Prérequis
Résumé
Lorsqu'on désire démontrer une inégalité contenant diverses fractions, il est parfois tentant (souvent en dernier recours) de tout mettre au même dénominateur, pour obtenir une inégalité équivalente à la forme d'un polynôme à plusieurs variables. Le nombre de termes dans l'inégalité obtenue est alors souvent conséquent, et l'inégalité de Muirhead est un outil pouvant s'avérer utile dans une telle situation.

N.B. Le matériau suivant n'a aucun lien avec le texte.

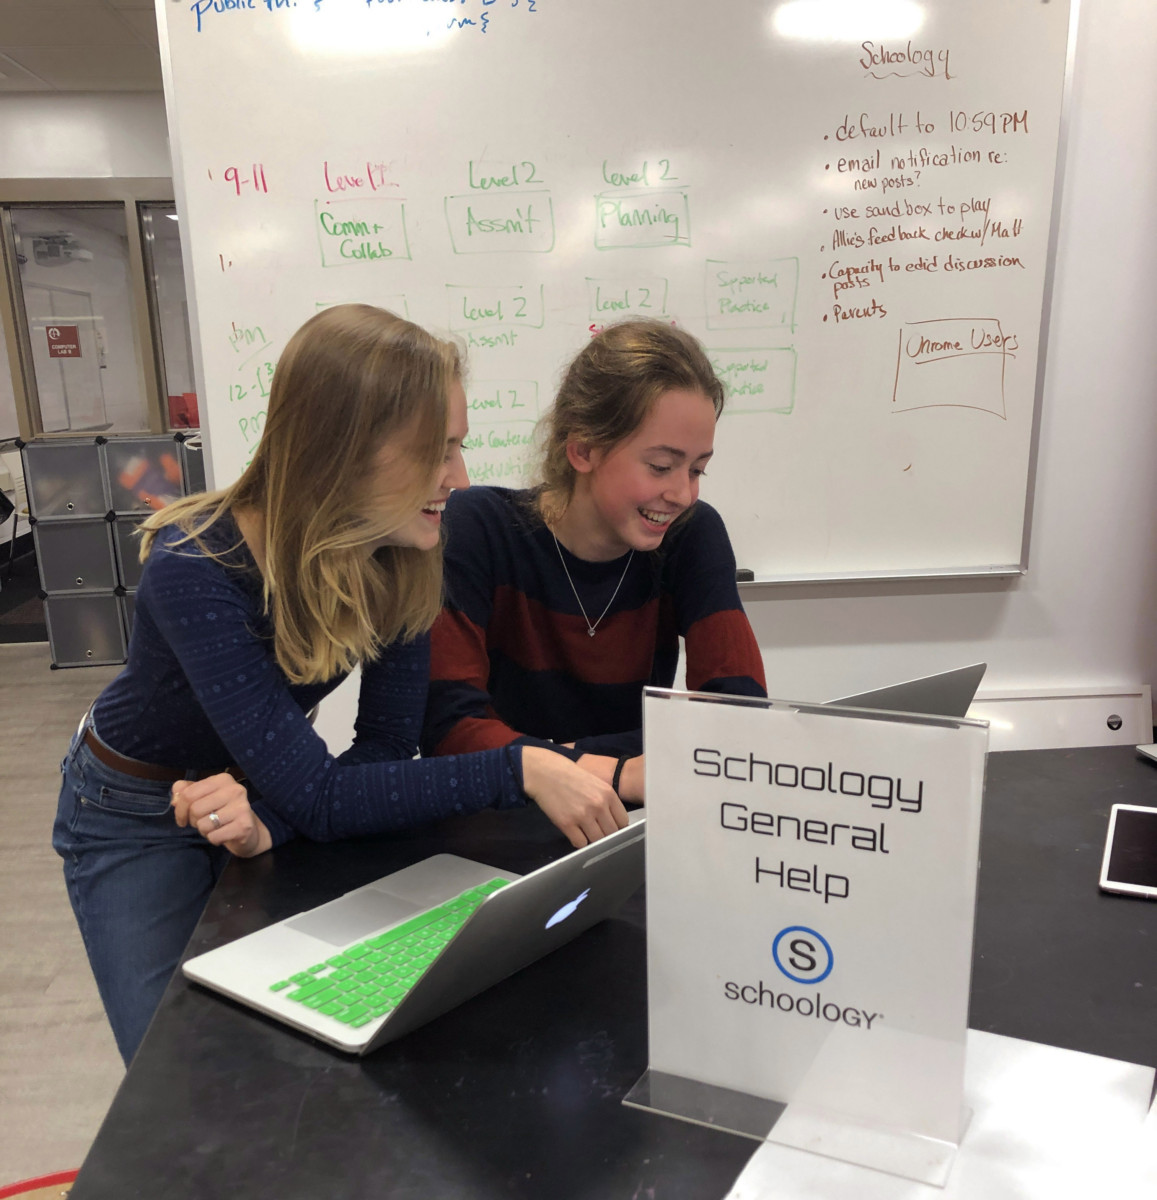 Schoology aims to provide a unified platform for classroom resources

Lorsque celle-ci ne permet pas de conclure, l'inégalité de Schur peut aussi aider puisqu'elle traite un cas que l'inégalité de Muirhead ne couvre pas.
Ce chapitre a été
écrit par B. Legat et N. Radu et
mis en ligne le 8 décembre 2014.
1. Inégalité de Muirhead
Pour énoncer l'inégalité de Muirhead, le plus simple est de commencer par définir la notion de $p$-moyenne.
Les $p$-moyennes
Par exemple, pour $p = (3,2,1)$, on a
$$[p]_{(a,b,c)} = \frac{a^3 b^2 c + a^3 b c^2 + a^2 b^3 c + a^2 b c^3 + a b^2 c^3 + a b^3 c^2}{6}.$$
Les moyennes arithmétiques et géométriques sont en fait des cas particuliers des $p$-moyennes. En effet, on a
$$\begin{align}
\left[(1,0,\ldots, 0)\right]_x &= \frac{1}{n!} \sum_{\sigma \in \mathrm{Sym}(n)} x_{\sigma(1)} \cdot 1 \cdot \ldots \cdot 1\\[2mm]

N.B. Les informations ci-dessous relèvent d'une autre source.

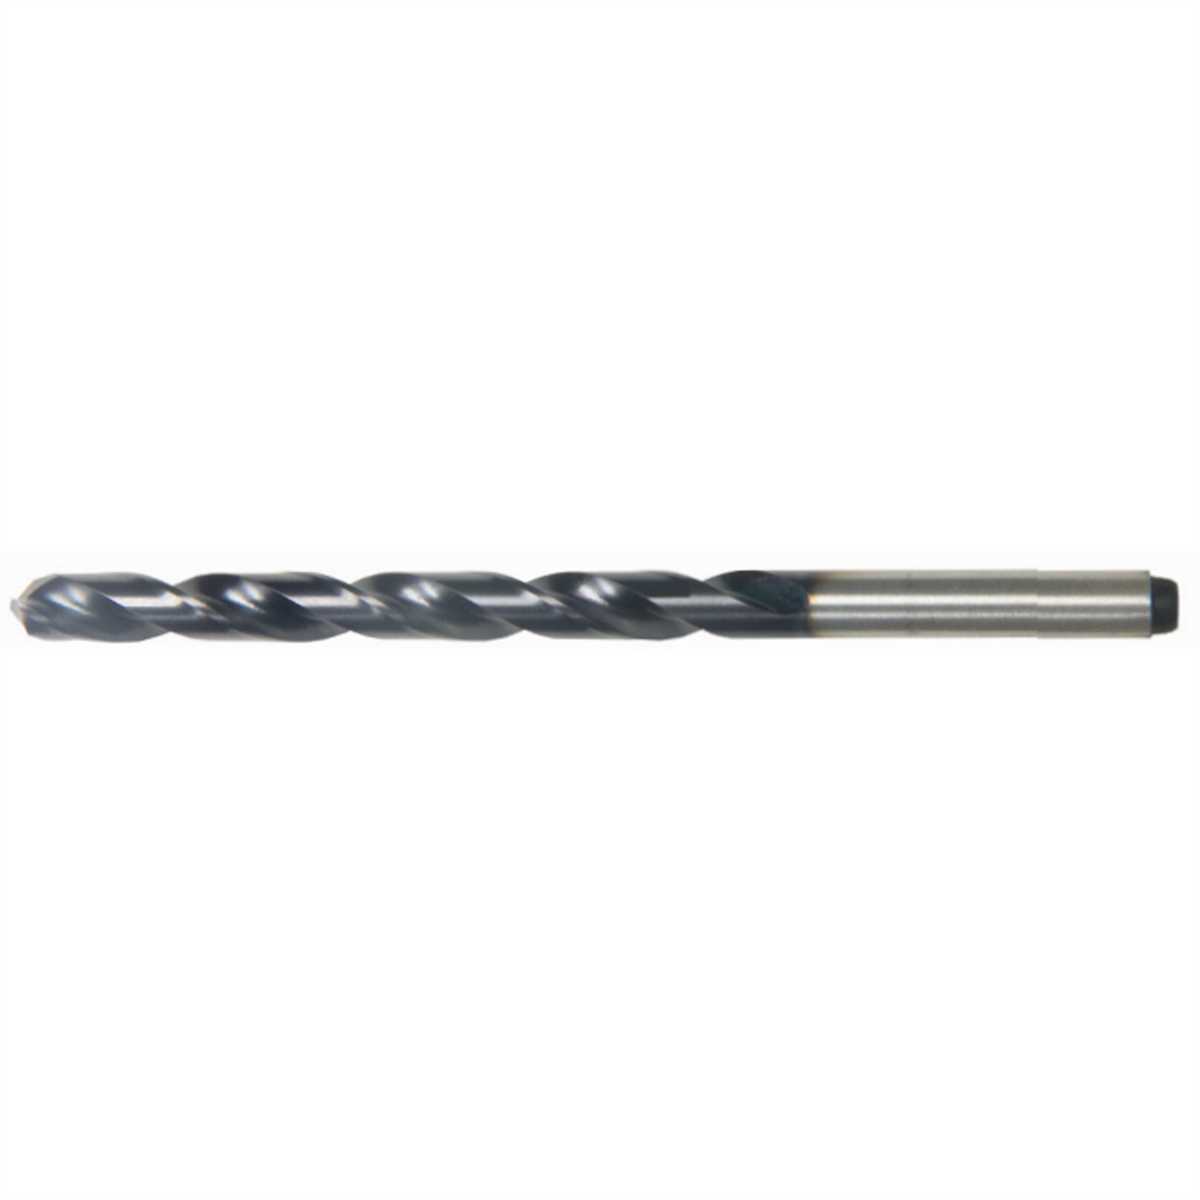 Choosing the Right Carbide Tipped Bit:

& = \frac{x_1+\ldots+x_n}{n},
\end{align}$$ c'est-à-dire la moyenne arithmétique, et
$$\begin{align}
\left[\left(\frac{1}{n},\frac{1}{n},\ldots, \frac{1}{n}\right)\right]_x &= \frac{1}{n!} \sum_{\sigma \in \mathrm{Sym}(n)} x_{\sigma(1)}^\frac{1}{n} \cdot x_{\sigma(2)}^\frac{1}{n} \cdot \ldots \cdot x_{\sigma(n)}^\frac{1}{n}\\[2mm]
& = \sqrt[n]{x_1x_2\ldots x_n},
\end{align}$$ c'est-à-dire la moyenne géométrique.
Inégalité de Muirhead
Un peu comme les inégalités sur les moyennes (harmonique, géométrique, arithmétique et quadratique), l'inégalité de Muirhead permet de comparer différentes $p$-moyennes de plusieurs nombres.
On se concentre pour cela sur l'ensemble $P \subset \mathbb{R}^n$ des $n$-uples décroissants, c'est-à-dire des $n$-uples $p = (p_1,\ldots,p_n)$ tels que $p_1 \geq p_2 \geq \ldots \geq p_n$. On dit alors que le $n$-uple $(p_1, \ldots, p_n) \in P$
majore le $n$-uple $(q_1, \ldots, q_n) \in P$, ce que l'on note
$$(p_1,\ldots,p_n) \succ (q_1,\ldots,q_n)$$ si les conditions suivantes sont satisfaites :
- Pour tout $1 \leq i < n$, on a $p_1 + p_2 + \ldots + p_i \geq q_1 + q_2 + \ldots + q_i$;
- $p_1 + p_2 + \ldots + p_n = q_1 + q_2 + \ldots + q_n$.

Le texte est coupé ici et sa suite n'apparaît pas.